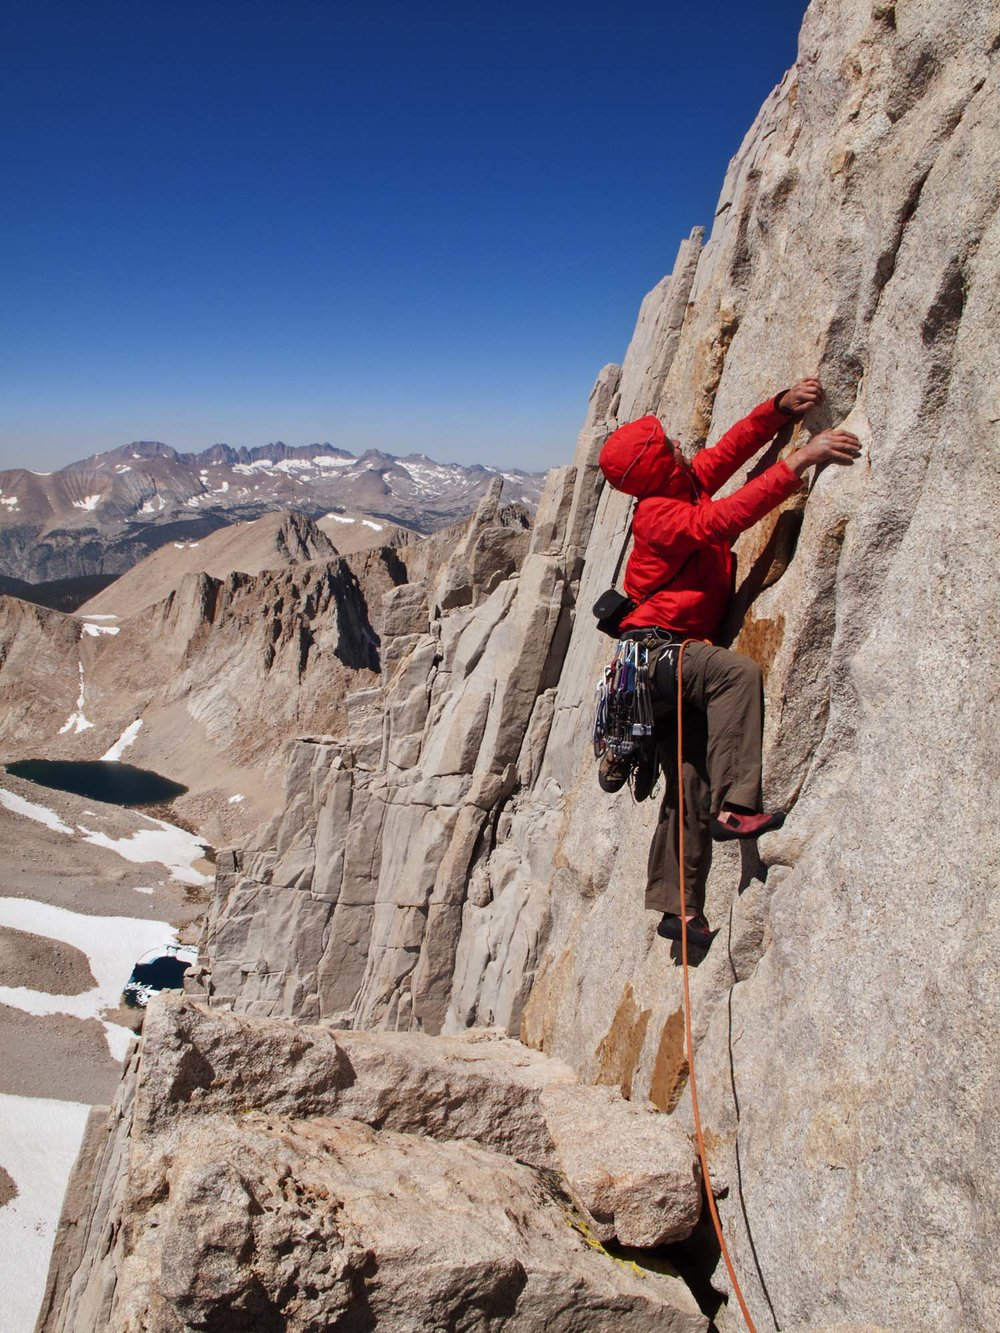 Climber on Fishhook Arete
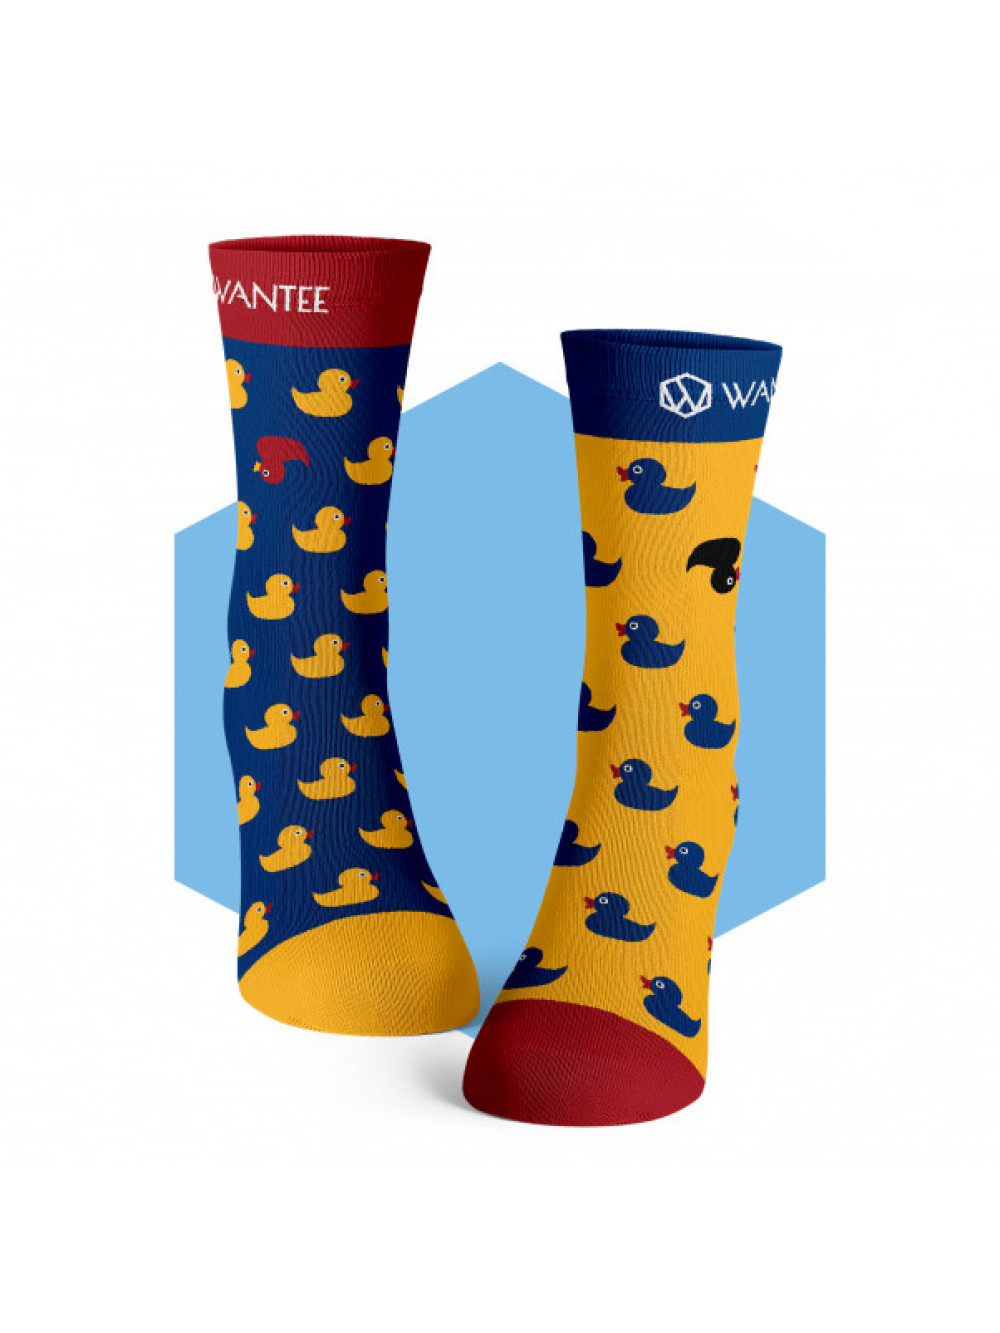 Ponožky Kačičky Wantee
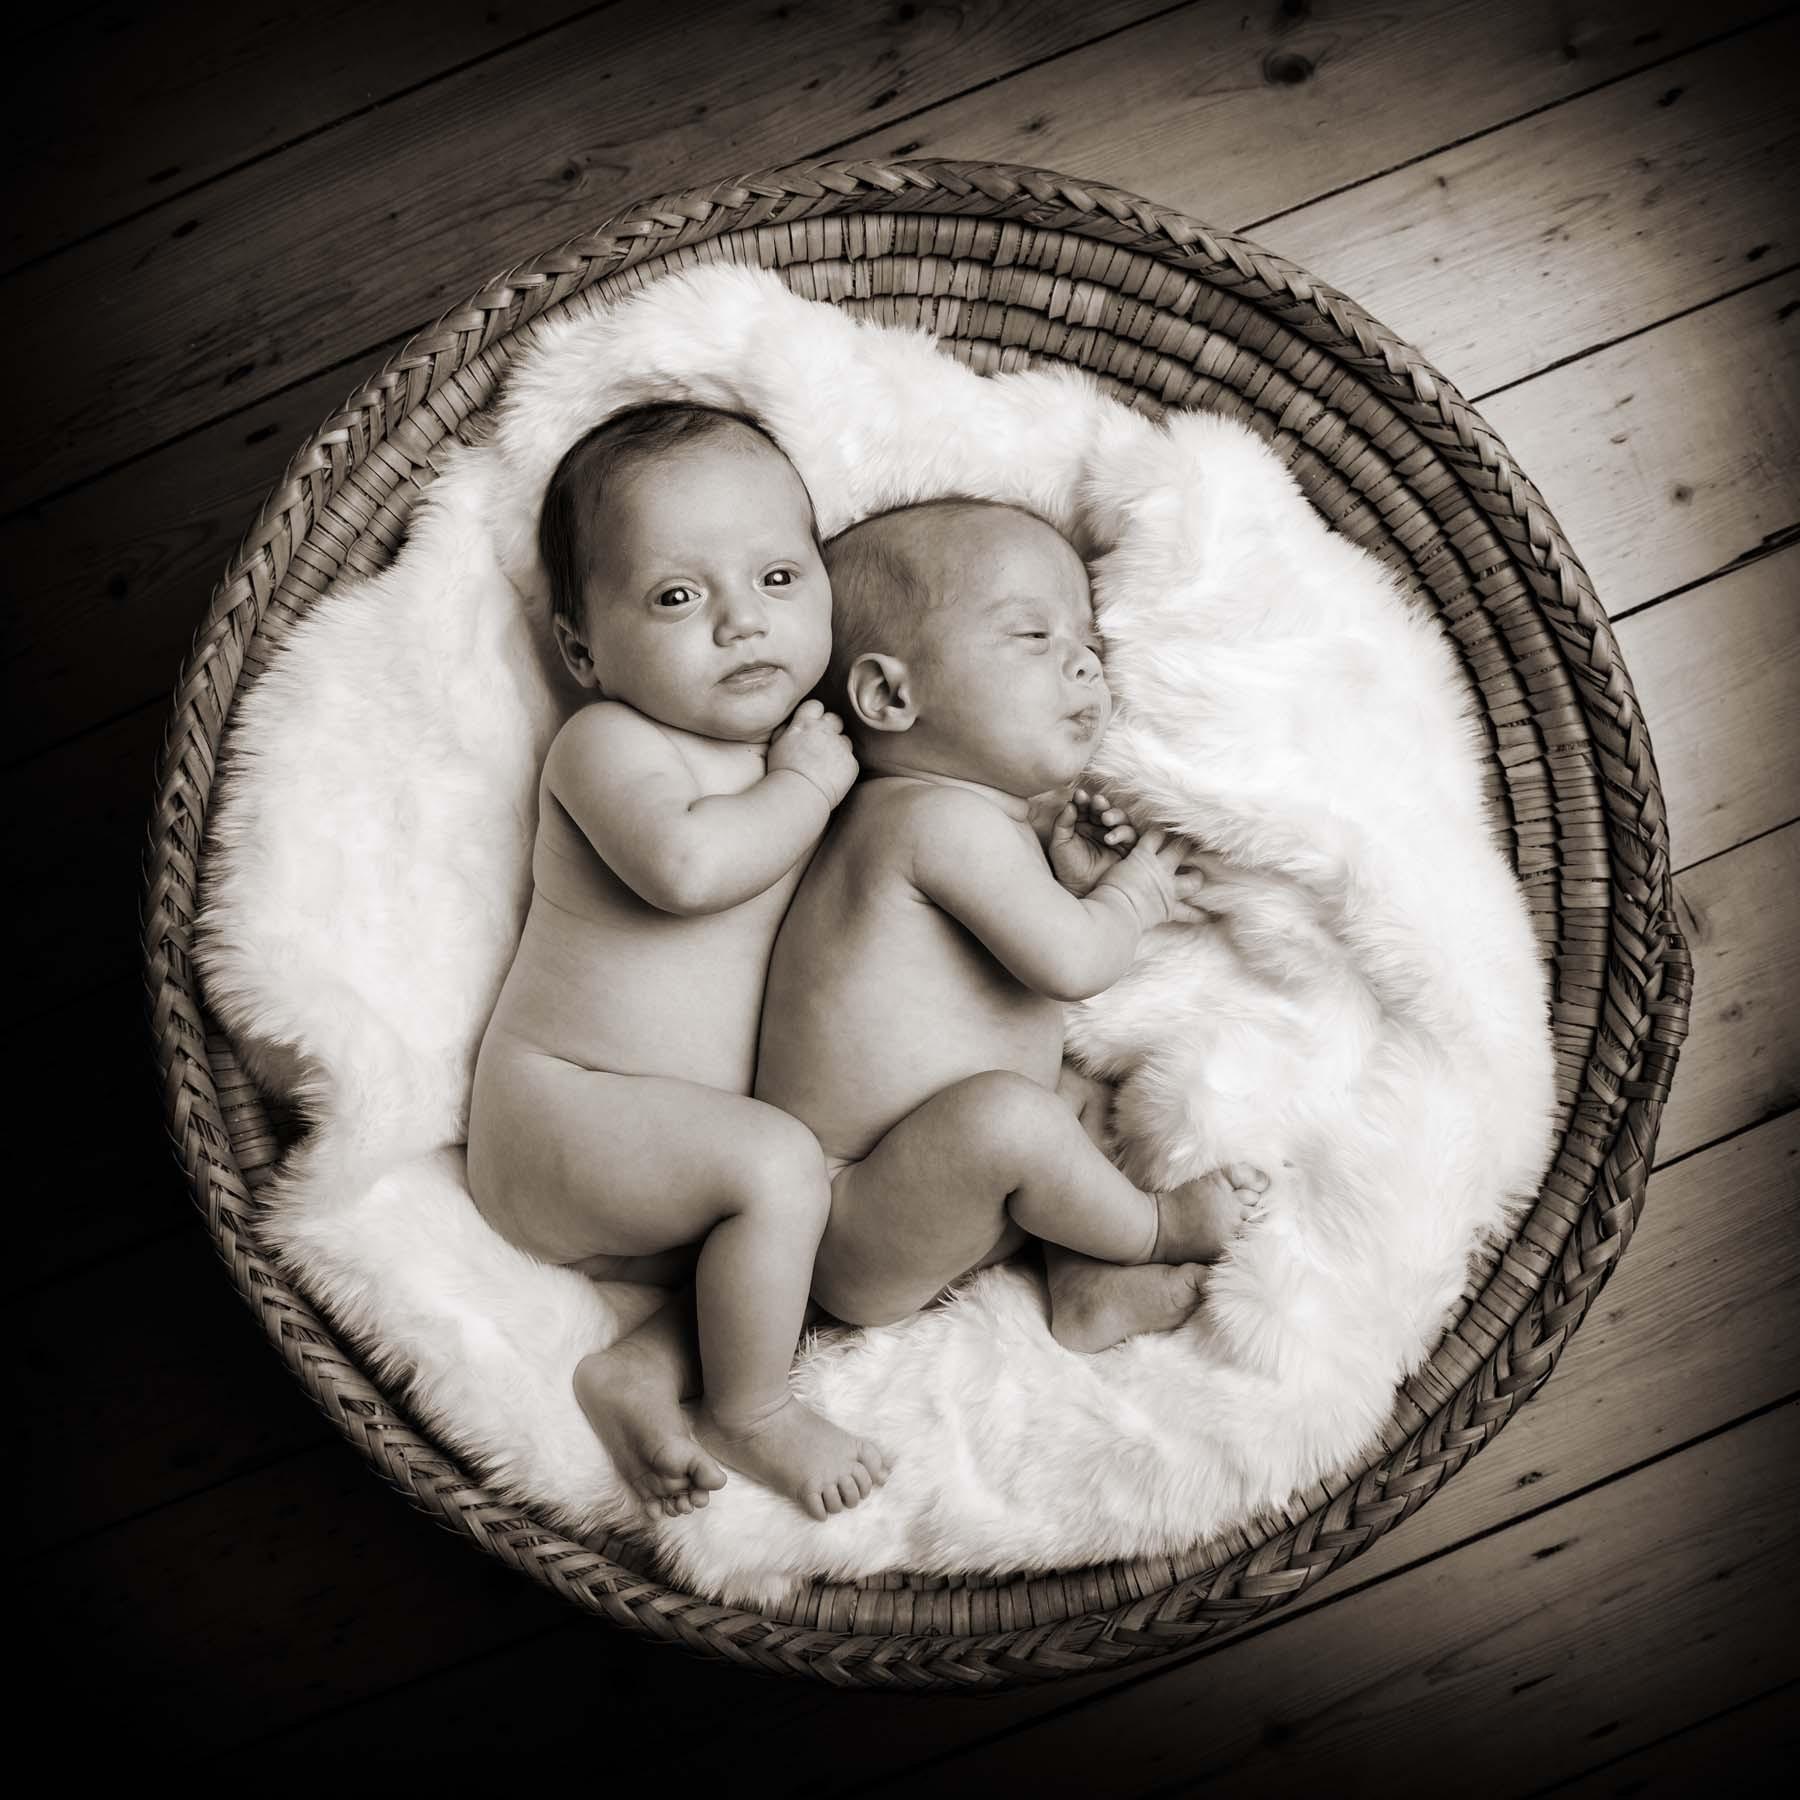 Newborn Baby Photographer in Sussex & Surrey, East Grinstead & Crawley (17)
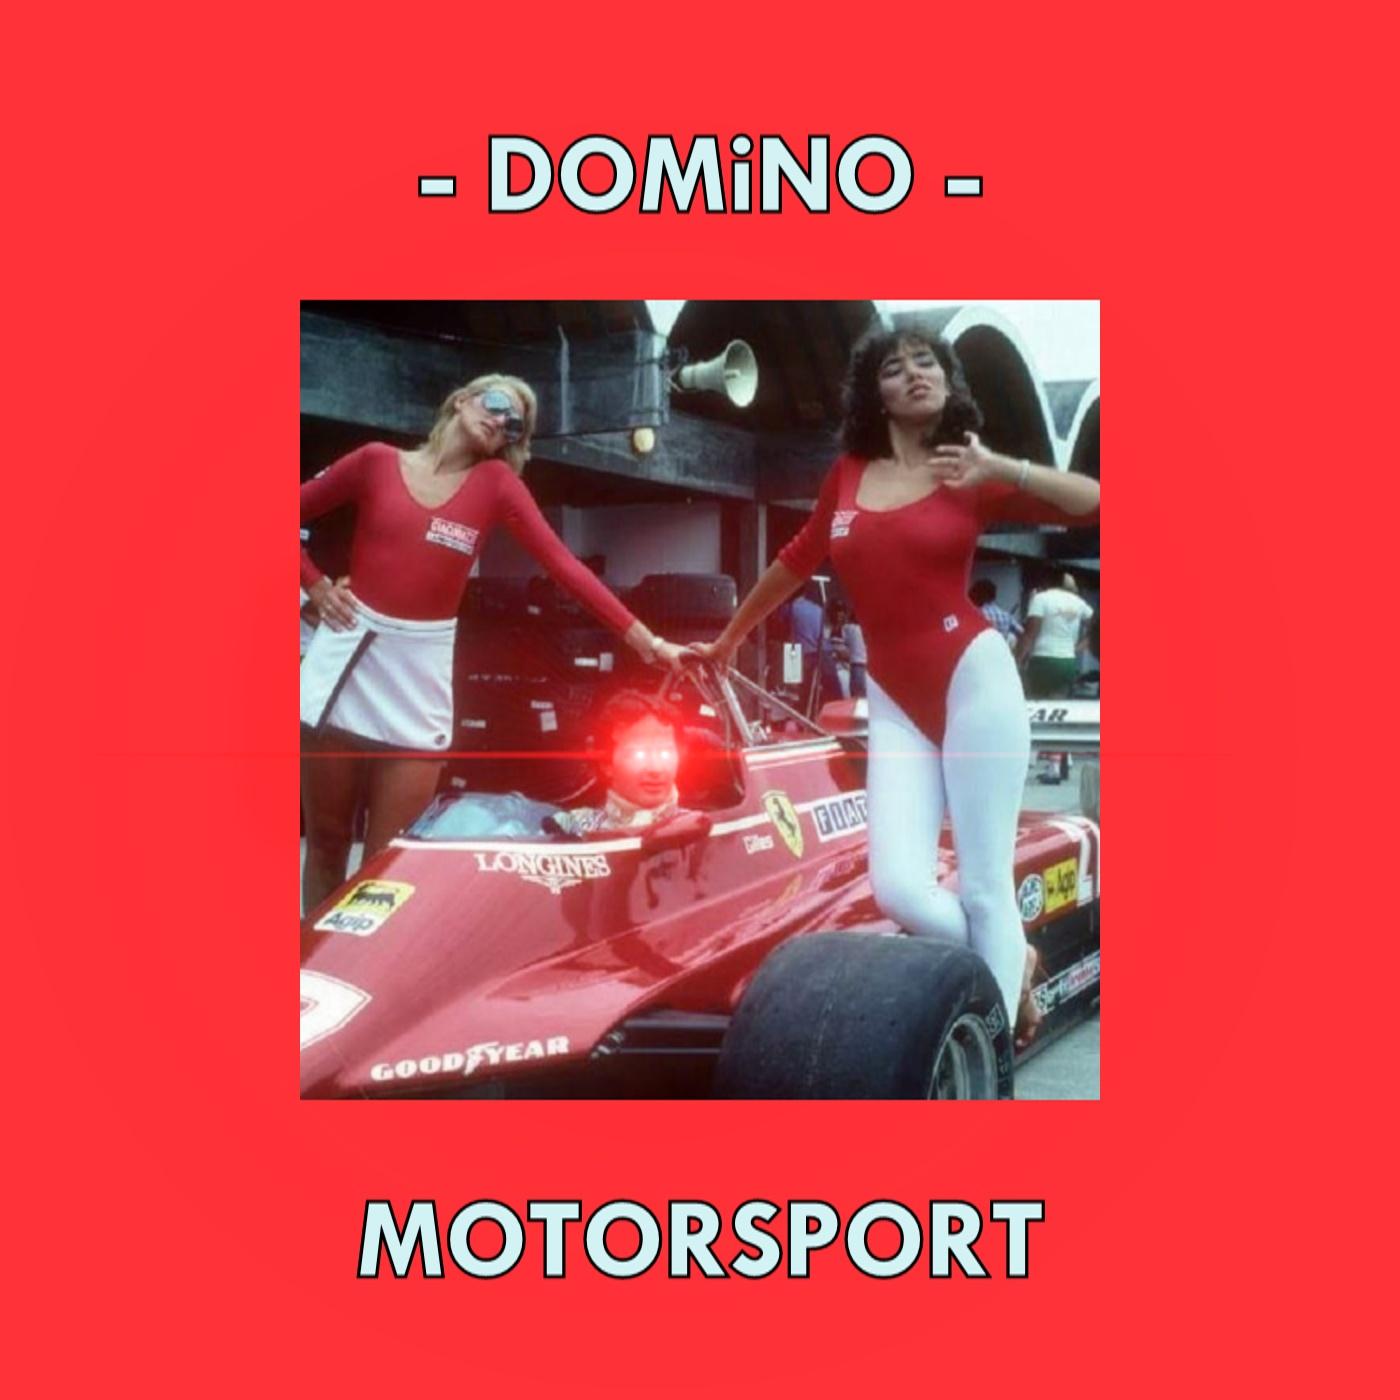 Upcoming: Domino - Motorsport [Full EP]

= = =

• [Task item] Would you retype all the lines shown above, exactly as written and without any picture?

• [Exercise response]
 Climber on Fishhook Arete
 Ponožky Kačičky Wantee
 Newborn Baby Photographer in Sussex & Surrey, East Grinstead & Crawley (17)
 Upcoming: Domino - Motorsport [Full EP]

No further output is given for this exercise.